Cytotoxicity and anti-Leishmania amazonensis activity of Citrus sinensis leaf extracts.

CONTEXT: Leishmania amazonensis is the main agent of diffuse cutaneous leishmaniasis, a disease characterized by lesional polymorphism and the commitment of skin surface. Previous reports demonstrated that the Citrus genus possess antimicrobial activity. OBJECTIVE: This study evaluated the anti-L. amazonensis activity of Citrus sinensis (L.) Osbeck (Rutaceae) extracts. MATERIALS AND METHODS: Citrus sinensis dried leaves were subjected to maceration with hexane (CH), ethyl acetate (CEA), dichloromethane/ethanol (CD/Et - 1:1) or ethanol/water (CEt/W - 7:3).

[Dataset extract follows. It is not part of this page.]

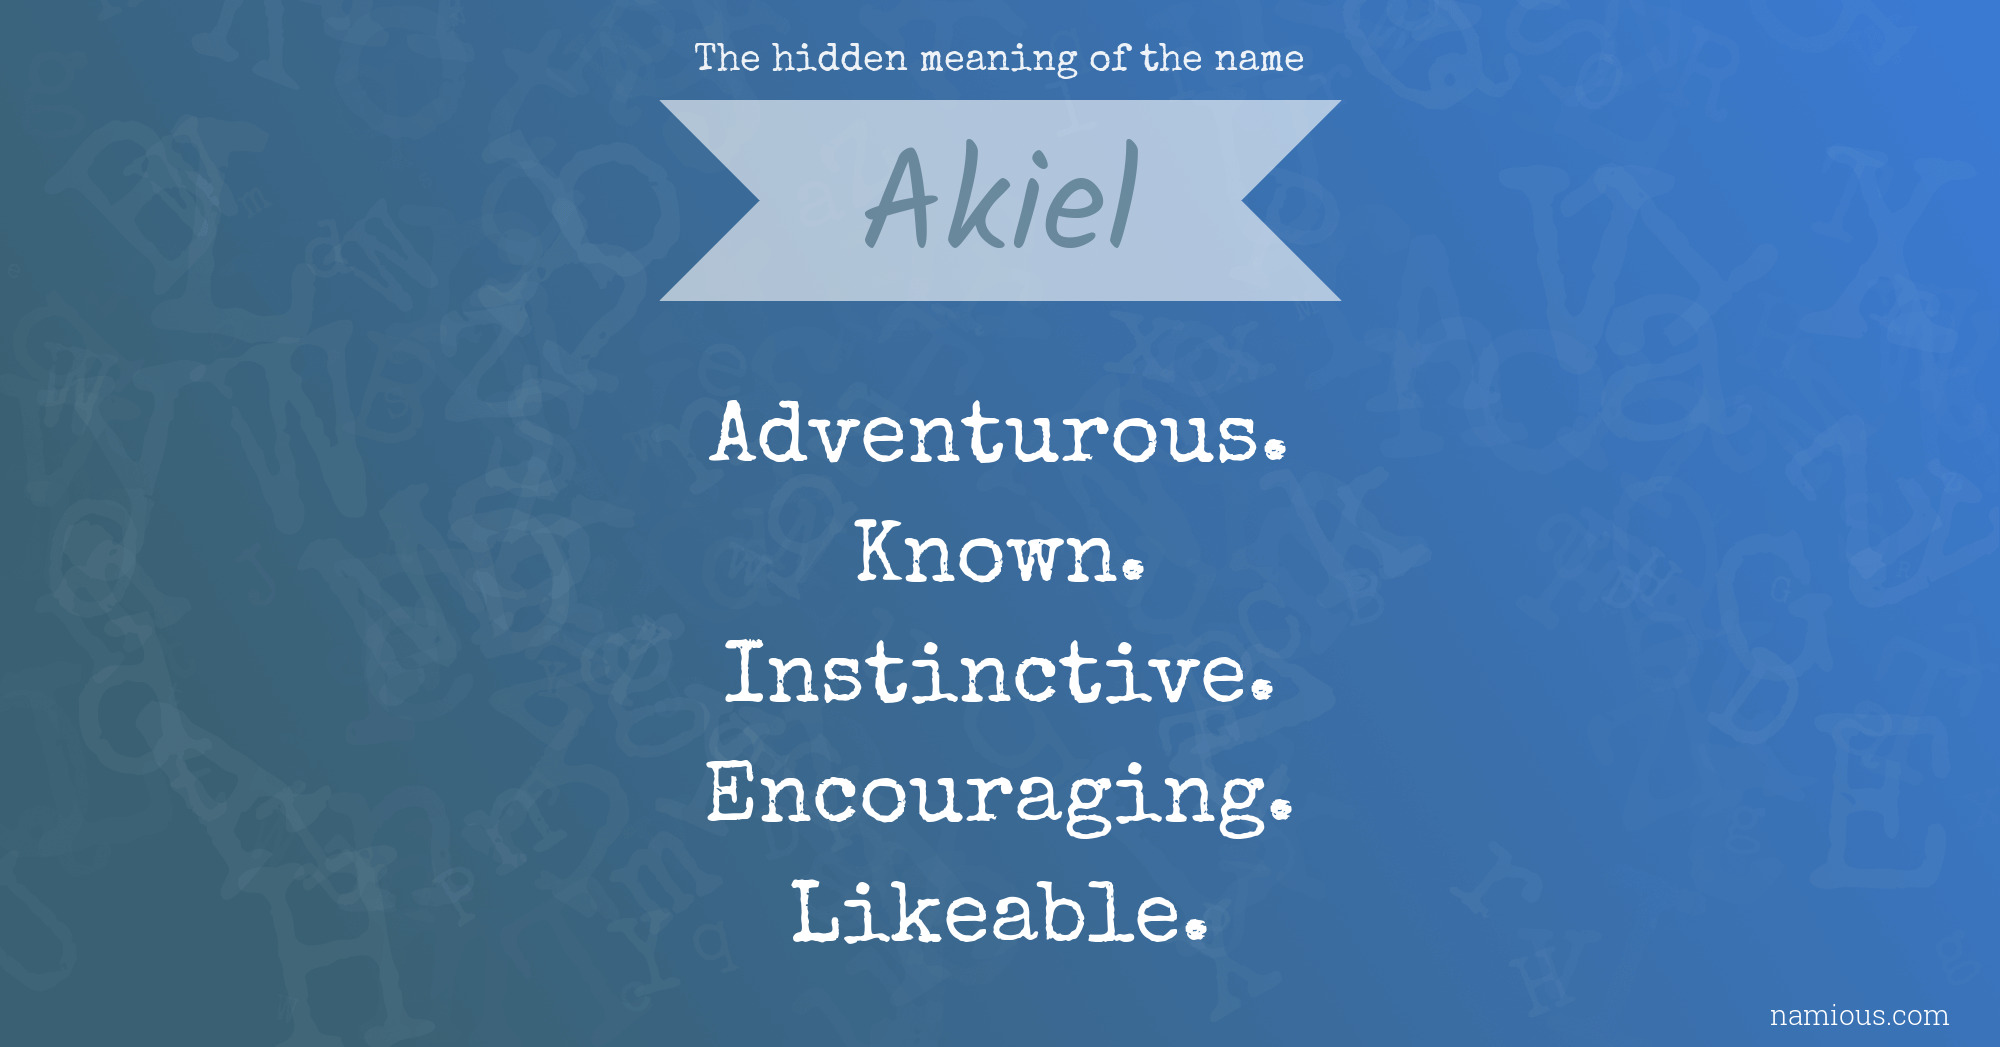 The hidden meaning of the name Akiel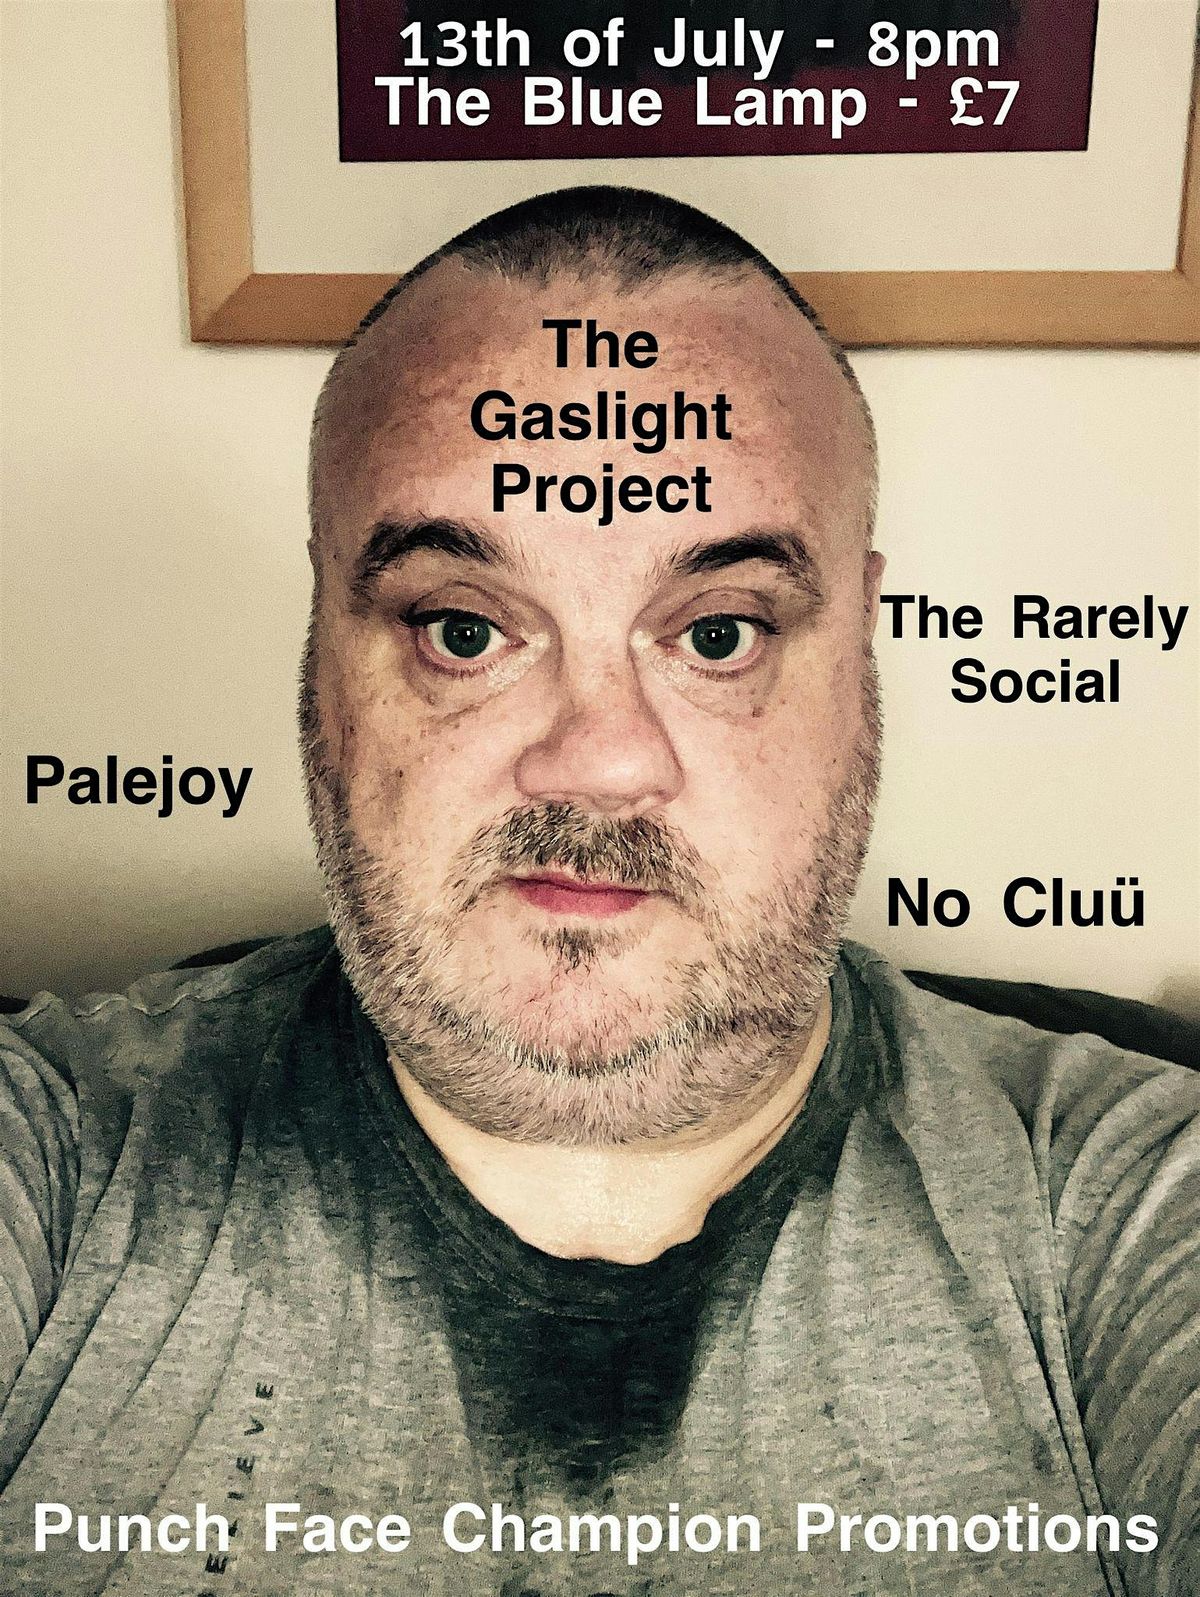 PFC Promotions - The Gaslight Project\/The Rarely Social\/Palejoy\/No Clu\u00fc

Leishmania amazonensis promastigotes were treated with C. sinensis extracts (1-525 µg/mL) for 120 h at 27 °C. Ultrastructure alterations of treated parasites were evaluated by transmission electron microscopy. Cytotoxicity of the extracts was assessed on RAW 264.7 and J774.G8 macrophages after 48-h treatment at 37 °C using the tetrazolium assay. In addition, Leishmania-infected macrophages were treated with CH and CD/Et (10-80 µg/mL). RESULTS: CH, CD/Et and CEA displayed antileishmanial activity with 50% inhibitory activity (IC50) of 25.91 ± 4.87, 54.23 ± 3.78 and 62.74 ± 5.04 µg/mL, respectively. Parasites treated with CD/Et (131.2 µg/mL) presented severe alterations including mitochondrial swelling, lipid body formation and intense cytoplasmic vacuolization. CH and CD/Et demonstrated cytotoxic effects similar to that of amphotericin B in the anti-amastigote assays (SI of 2.16, 1.98 and 1.35, respectively). Triterpene amyrins were the main substances in CH and CD/Et extracts. In addition, 80 µg/mL of CD/Et reduced the number of intracellular amastigotes and the percentage of infected macrophages in 63% and 36%, respectively. CONCLUSION: The results presented here highlight C. sinensis as a promising source of antileishmanial agents.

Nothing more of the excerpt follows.